Extended Behavior Trees

Behavior trees (BTs) are a technique for describing agent behaviors that was introduced to allow designers to script the behavior of non-player characters in computer games. In its simplest form a BT is a tree containing actions that are executed by an agent as leaf nodes, and choice nodes and sequence nodes as internal nodes. Choice nodes allow the choice between different courses of action whereas sequence nodes allow sequential execution of actions. Each BT is periodically activated by the control loop of its containing system (adopting a term commonly used in game engines, we say it is ticked) and returns a result indicating that its execution was either successful, that execution failed, or that it is still running and needs more time to continue. A choice node succeeds when any of its child nodes succeeds and fails when all of its child nodes have failed. A sequence node fails whenever one of its children fails and succeeds when all its children succeed. Both choice and sequence nodes return a running status whenever one of their children does.

Many implementations of BTs exist; most of them extend the basic node types with nodes such as decorators, internal nodes having a single child and modifying the execution behavior of that child, e.g., by ``negating’’ the result (from succeeded to failed and vice versa). Despite their simplicity, BTs allow surprisingly complex behaviors to be specified, but they suffer from a number of well-known limitations, for example: (1) Every action performed by the BT is immediately executed so that possibilites for off-line planning are limited. (2) It is difficult to implement state-based behaviors using BTs, since the child nodes of each node have to be specified in the tree which leads to clumsy specifications if different states require different behaviors.

To address these issues we have introduced Extended Behavior Trees (XBTs). XBTs extend behavior trees in several ways, among them:

The nodes return an indicator about the reward they obtained to their parent in addition to the execution status.
A state object is threaded through the activations of the nodes. All operations on the environment have to be mediated by the state, e.g., by being implemented as methods of the state object. States can be virtualized so that operations on the state simulate the expected behavior but do not change the real environment.
There is a node type external choice node that is similar to choice nodes but calls a function to generate its child nodes whenever it is ticked and not already running.

These extensions of behavior trees make it easy to specify state-based behaviors and they permit reinforcement-learning and offline-planning nodes. In addition, the operational semantics of XBTs is defined by a translation into SCEL and therefore node types that execute their children concurrently are easy to define.

XBT for rescue robot

Fig. \ref{fig:xbt-robot} shows an XBT for a simple rescue robot. The topmost node is a choice between four alternatives: The leftmost subtree checks whether the robot is in one of its home locations. In that case, it executes its child node, a sequence node that first updates the robot’s data and then drops off the victim. If this alternative fails, either because the robot is not in a home location or because it is not carrying a victim, the choice node proceeds to the second subtree, checks whether there is a victim in the current location and picks up the victim if possible. If this branch of the tree also fails and the robot is carrying a victim, it picks a home location and moves towards this location, otherwise it picks a new location where it expects to find a victim to rescue and moves towards that location.
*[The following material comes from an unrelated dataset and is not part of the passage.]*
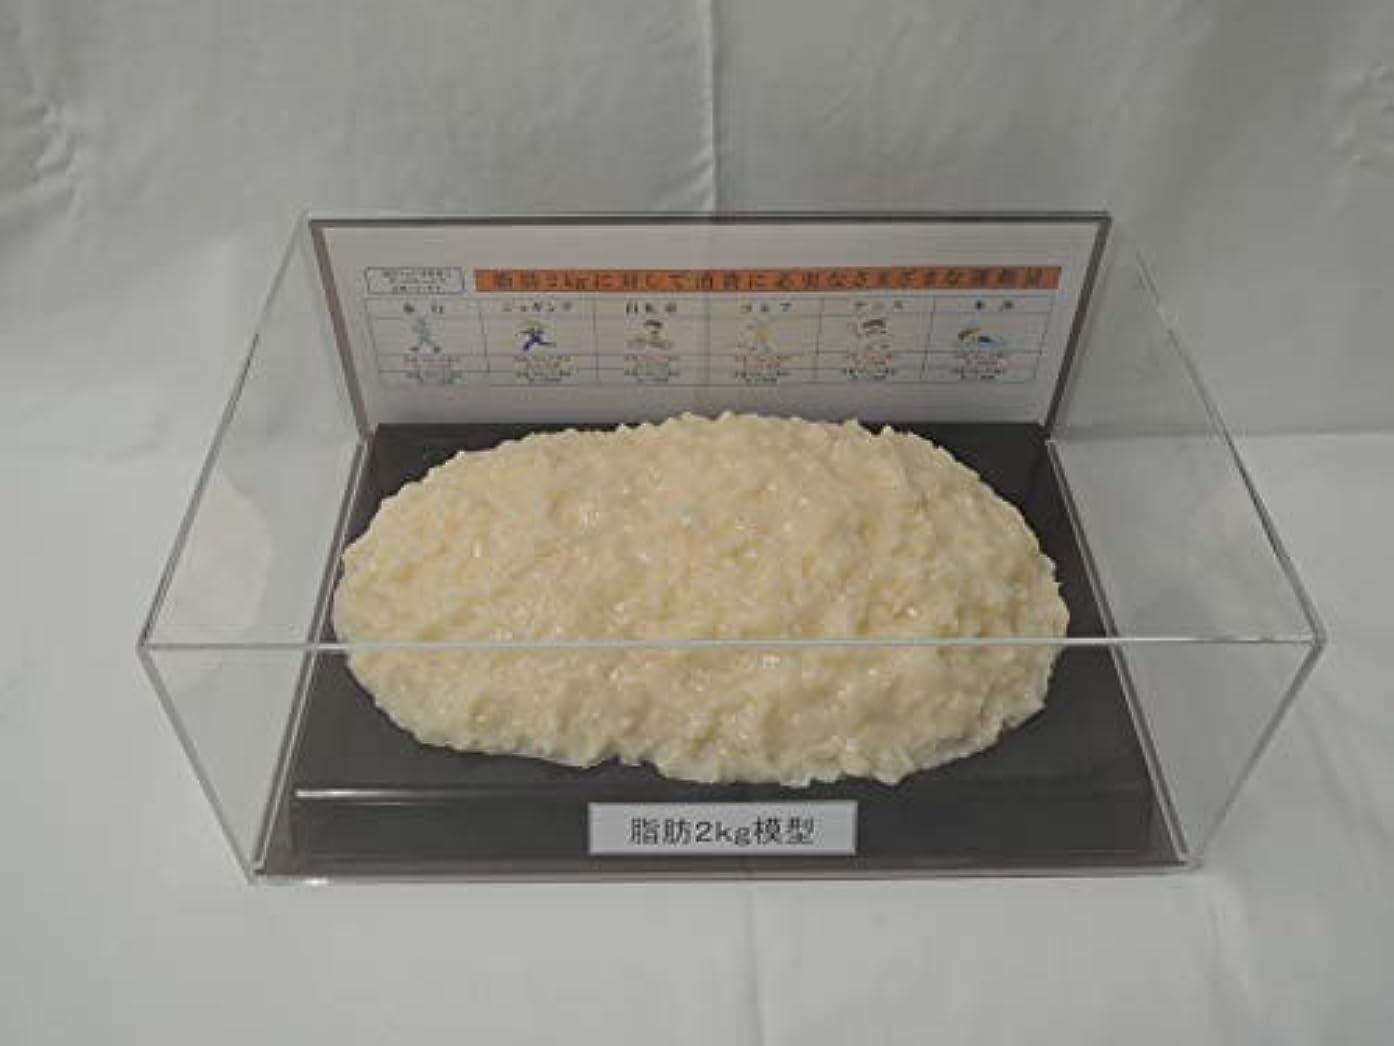 多様性代表団法廷脂肪模型 フィギアケース入 2kg ダイエット 健康 肥満 トレーニング フードモデル 食品サンプル

Returning a result status of ``running’’ is similar to yielding in a coroutine: execution of the currently running branch of the XBT is suspended and control returns to the control loop; when the XBT is ticked again, it will resume execution starting with the suspended node. The possibility to fail and continue with the next choice leads to a convenient handling of situations where the outcomes of actions are not certain.

External choice node for state-based behavior

Moving towards a target location is one example of state-based behavior: the direction to a target depends on the current position of the robot. Fig. \ref{fig:xbt-nav} shows how external choice nodes can address this situation: The state of the navigation graph provides a sequence of waypoints that are possible targets for the next move of the robot. The external choice node tries to perform a go action to each of these nodes in turn, until one action succeeds. By providing a sequence of waypoints, the system achieves a limited amount of error tolerance: when some paths are blocked, the robot tries to find alternative routes. But this solution is rather limited: the different waypoints may lead to greatly different rewards or costs, and the experience of the robot from previous rescue missions is not used to improve future behavior since there is no feedback from the XBT back to the navigation graph.

External choice node for Q-learning

It is easy to incorporate individual learning into XBT-based controllers to add additional flexibility: Fig. \ref{fig:xbt-rel} shows the movement XBT for a robot that autonomously learns the navigation decisions for unknown terrain. This navigation system uses a RL(Q)-node, an external choice node that performs reinforcement learning using a Q-function. This node receives the set of all possible next waypoints from the navigation graph and uses an estimate of their quality (provided by the Q-function) to choose the order in which they are tried. Since the available Q-function is generally only an approximation of the real values obtained from the environment, the RL(Q) node uses the reward obtained by executing the go(waypoint) child node to update its estimate of the Q-function. In addition, the RL(Q) node occasionally performs exploration moves to waypoints that are not optimal according to the current estimate in order to obtain a better estimate. As can be seen by this example, it is straightforward to add individual learning behaviors to any choice node in an XBT.